5. 24 Hours of LeMons
This race is basically Le Mans for bangers. The rules are simple – your car must cost less than $500. Once you’ve got your car and it’s suitably race prepped you’re good to hit the track with literally 100+ other teams. At times the racing is like negotiating the M1 at rush hour. At speed. You’ll be overtaking someone deep into a corner while someone else overtakes you, while they defend their position from someone else before it all happens again at the next corner.
The emphasis here is on fun, with cars receiving penalty points if they’re not shit enough, and drivers forced to complete silly tasks as punishment for crap driving. Most cars are themed and/or ghetto rigged beyond belief, with one of the more notable examples being a converted plane. Seriously.

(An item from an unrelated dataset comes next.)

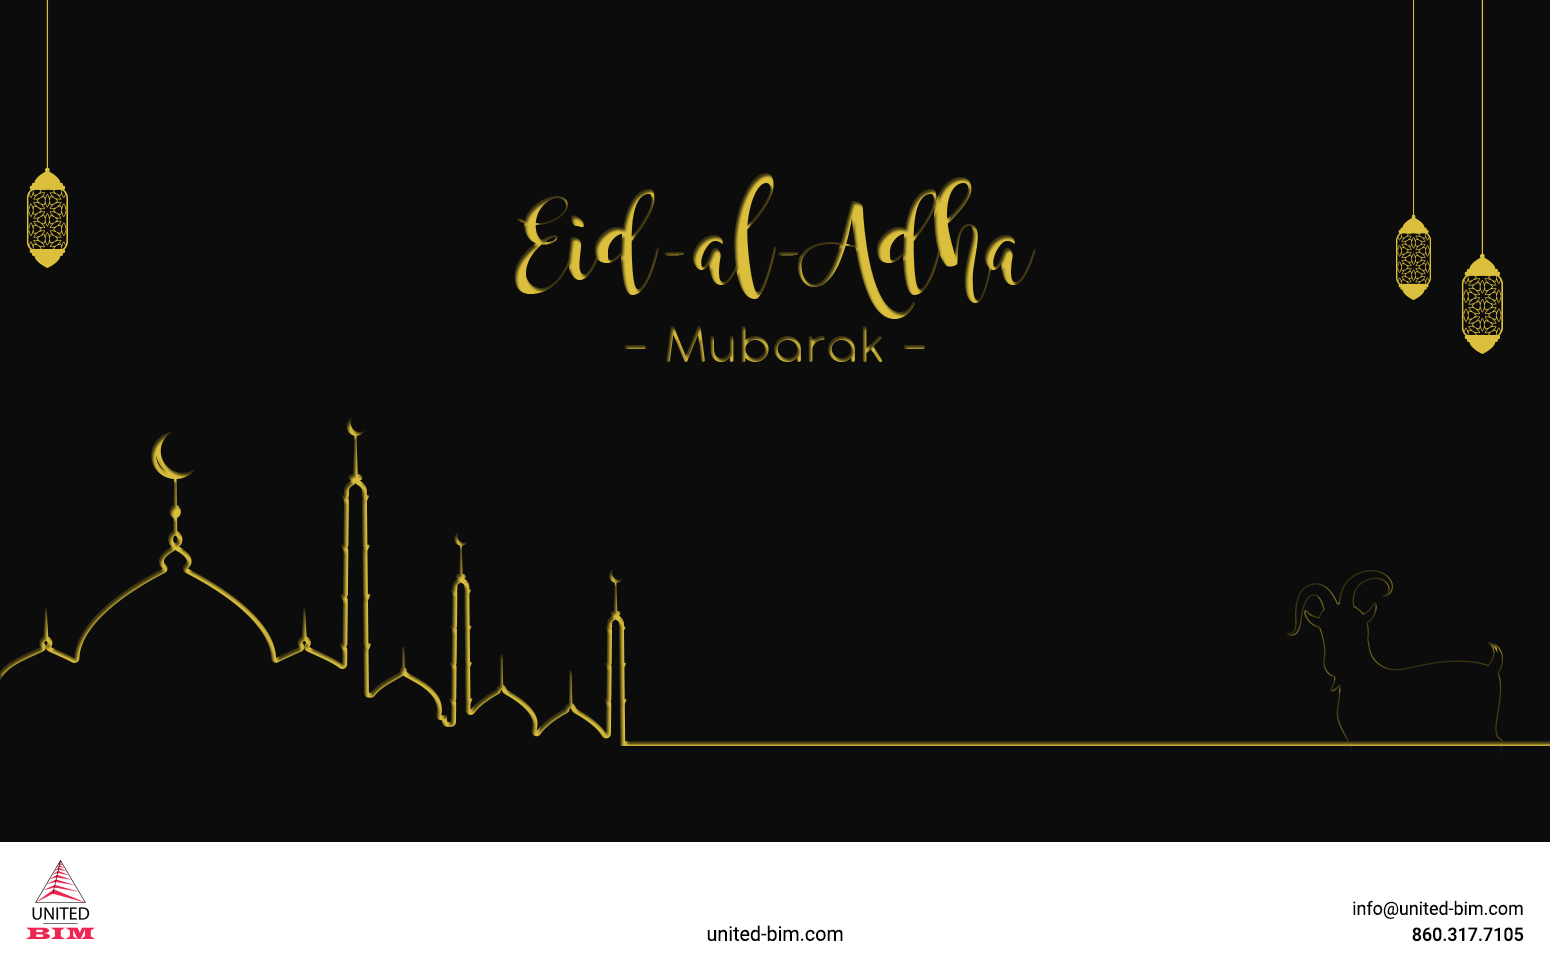 Eld Al Adha Mubarak_2021_Graphic by United-BIM

Entry is $500 per car and $100 per driver, but many teams rent out seats which is ideal if you just fancy a one-off foray into the world of LeMons.
6. Gumball 3000
If you do have a ton of cash but getting dirty, dusty and not showering for a week doesn’t appeal to you, may we present the Gumball 3000. Countless television cameras follow the cars as they take over cities, wind up local cops and party like there’s no tomorrow.
This year’s rally takes place at the end of May, beginning in Copenhagen, Denmark and finishing at the Monaco Grand Prix. As with every other year a number of celebrities are out flashing their cash, but this year’s event will no doubt be all about Team Galag’s Batman Tumbler. Weighing 2.5 tonnes and wider than a truck; this thing is going to be unbelievable.
2013′s entry fee was £30,000 for a car with 2 occupants, and included in the price is a stay in a top hotel each night. This year’s special 15th anniversary event also includes hospitality at the Monaco Grand Prix all weekend, so it’s almost a bargain. Almost.
So go on then guys, which rally gets your thumbs up?